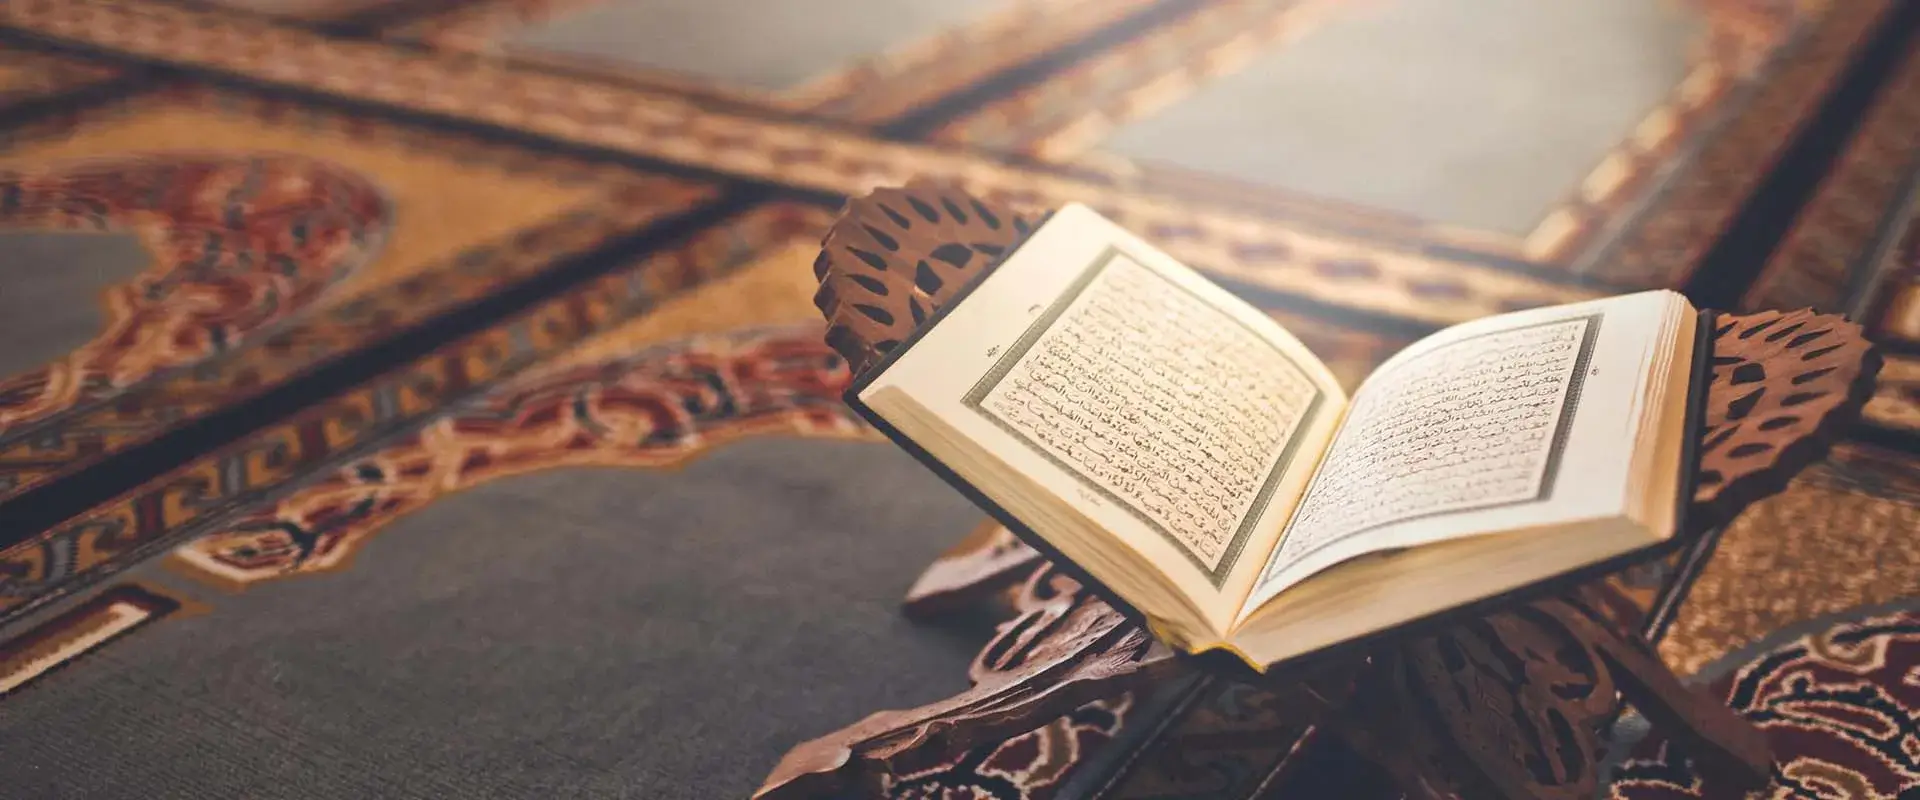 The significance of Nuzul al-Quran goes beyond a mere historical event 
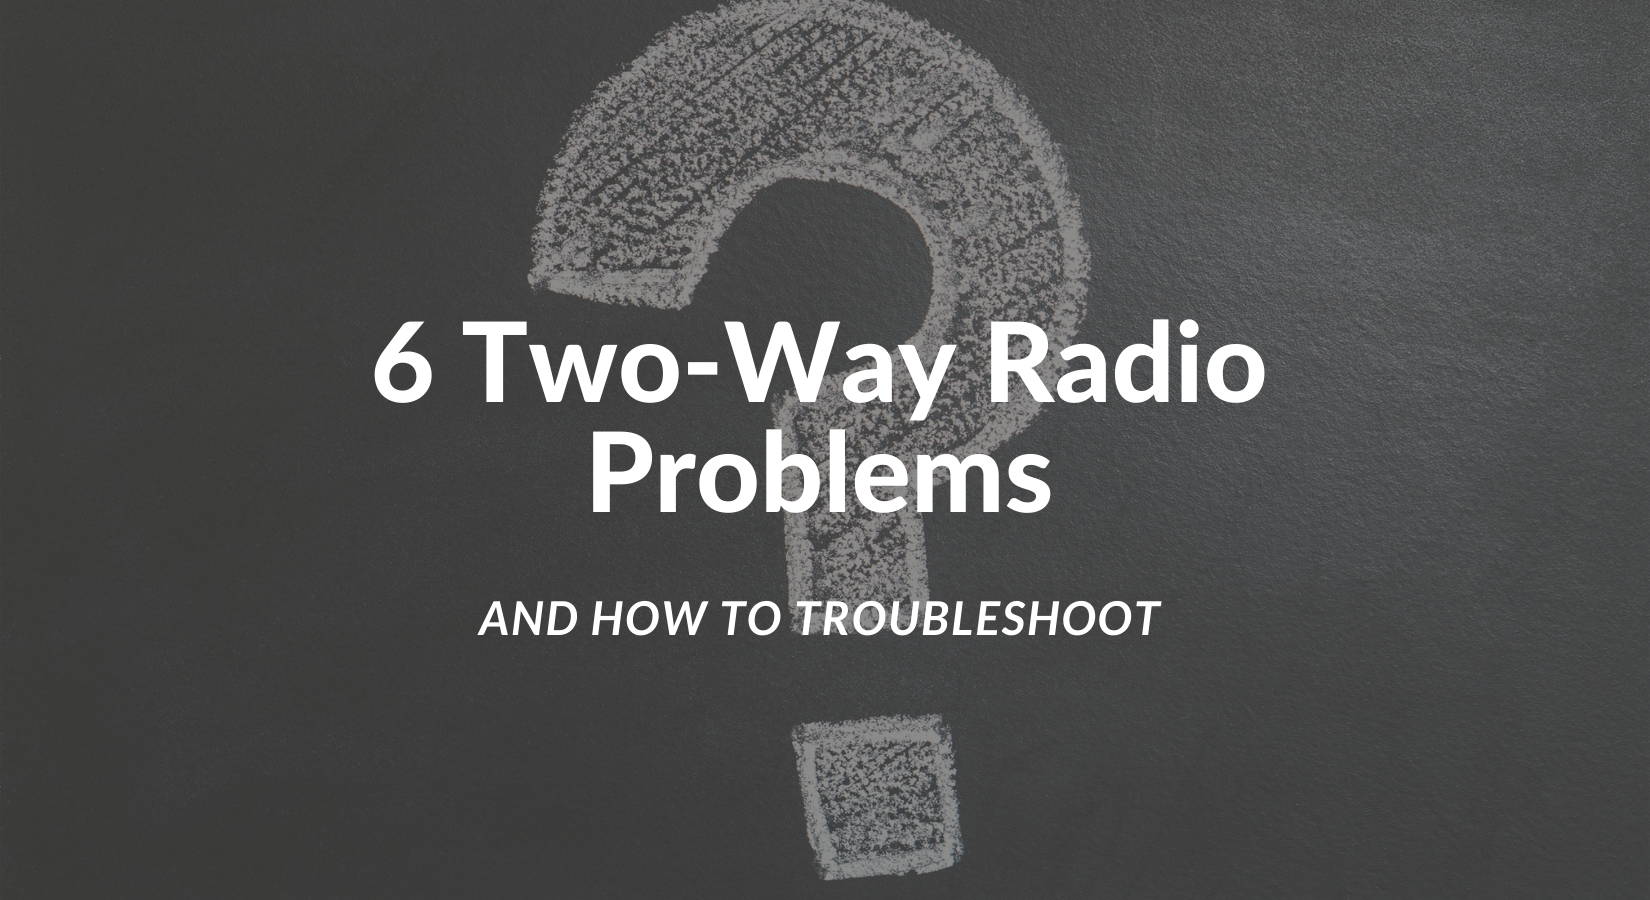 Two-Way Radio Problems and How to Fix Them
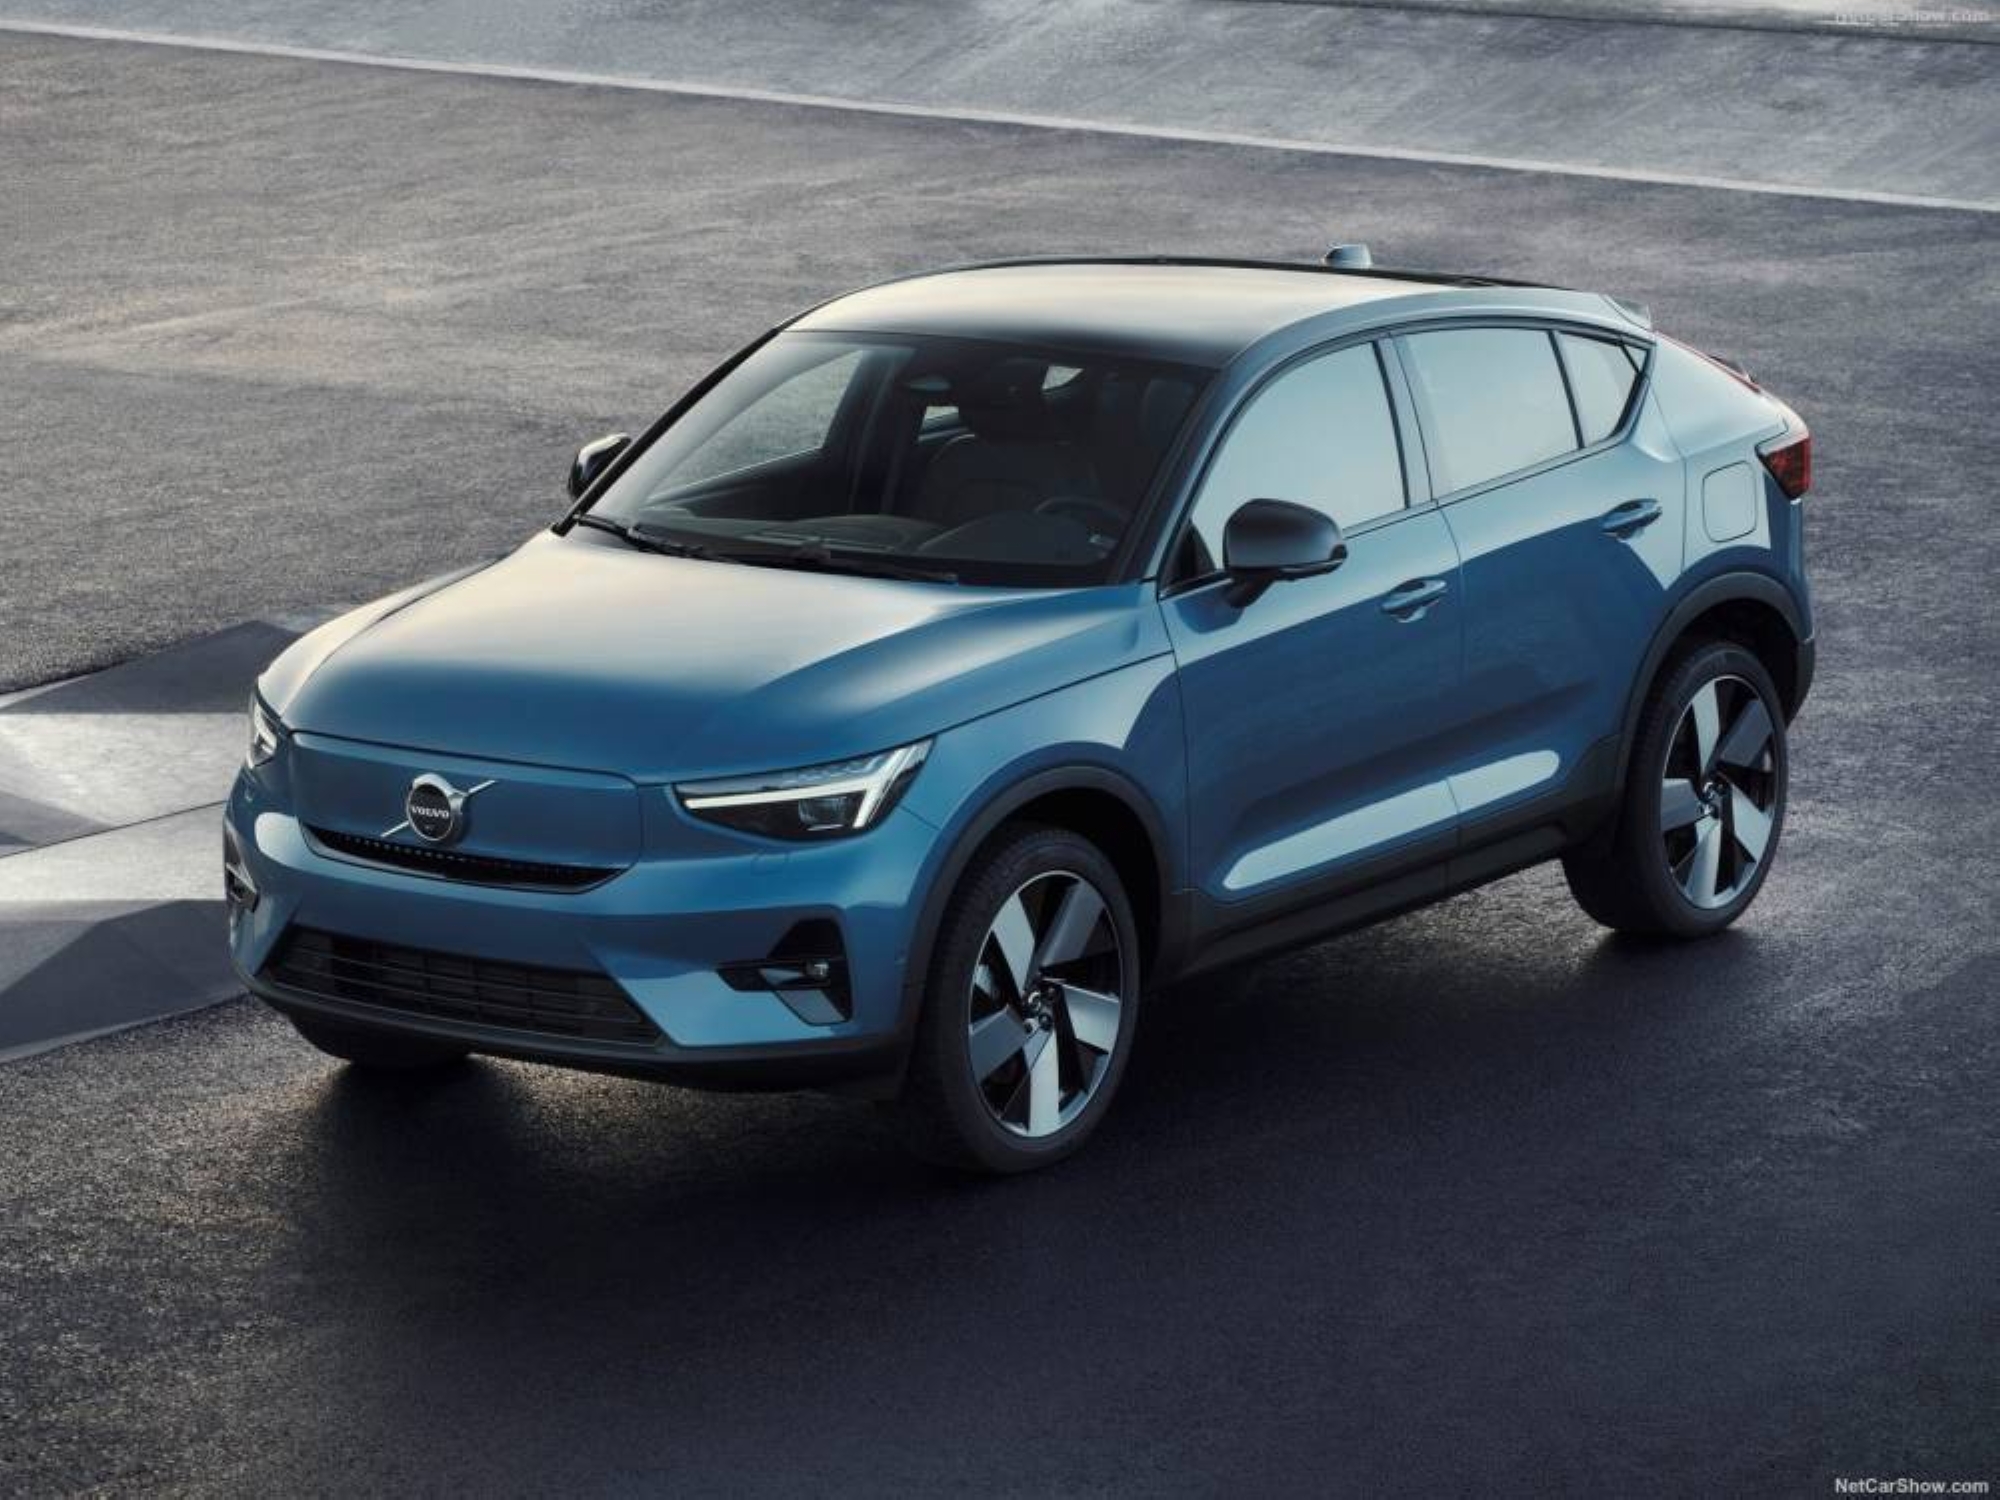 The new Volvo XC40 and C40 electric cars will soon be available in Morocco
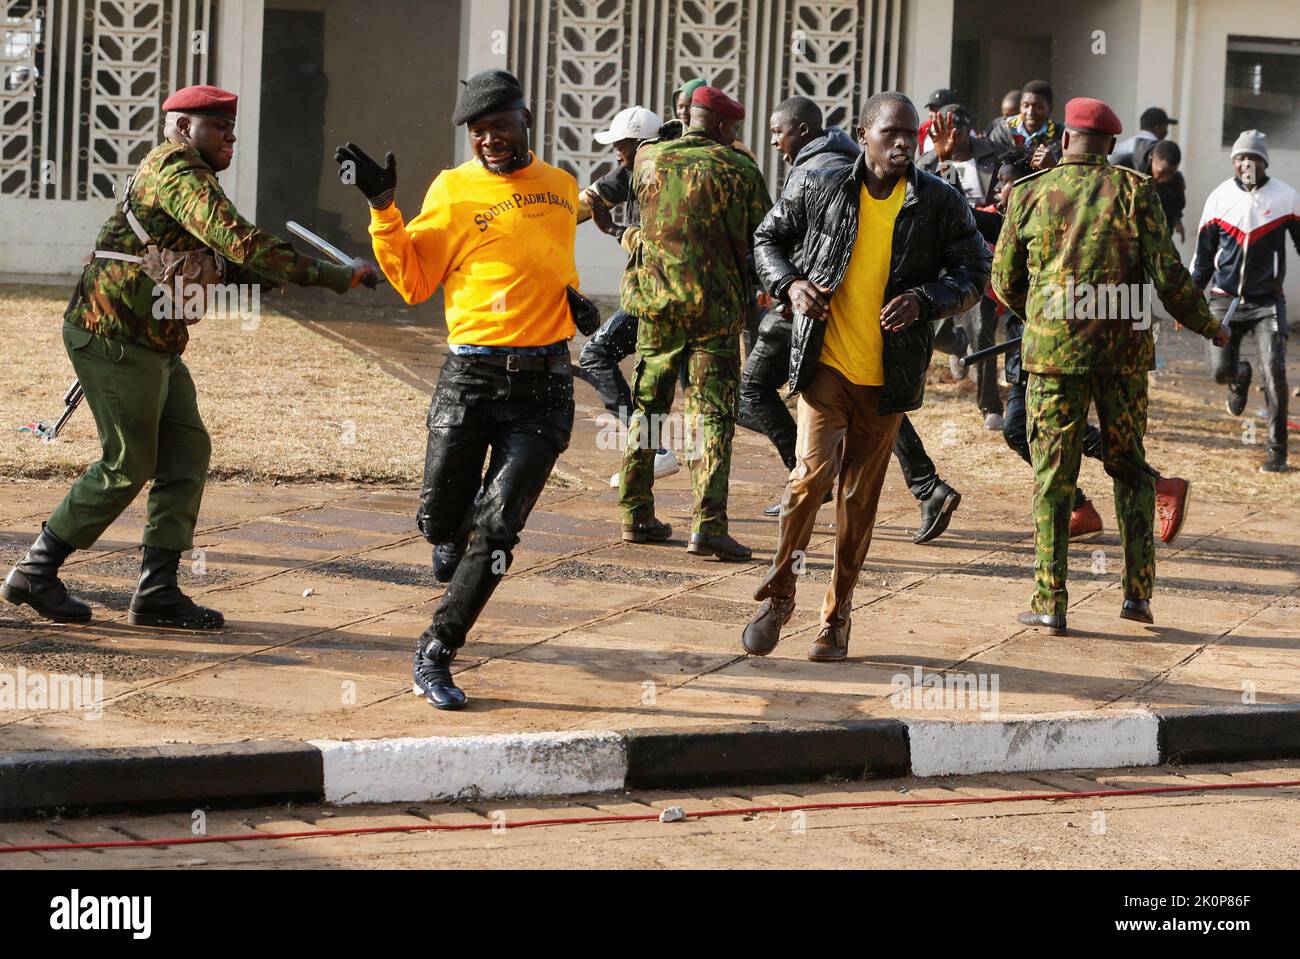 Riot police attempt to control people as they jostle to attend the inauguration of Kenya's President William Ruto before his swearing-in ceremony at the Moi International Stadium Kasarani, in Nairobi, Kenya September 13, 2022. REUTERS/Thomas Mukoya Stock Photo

########################################

# Work to be completed
Each line of the listing above must be given again exactly; the pictures are to be left out.

# Output below
 The significance of Nuzul al-Quran goes beyond a mere historical event 
 Two-Way Radio Problems and How to Fix Them
 The new Volvo XC40 and C40 electric cars will soon be available in Morocco
 Riot police attempt to control people as they jostle to attend the inauguration of Kenya's President William Ruto before his swearing-in ceremony at the Moi International Stadium Kasarani, in Nairobi, Kenya September 13, 2022. REUTERS/Thomas Mukoya Stock Photo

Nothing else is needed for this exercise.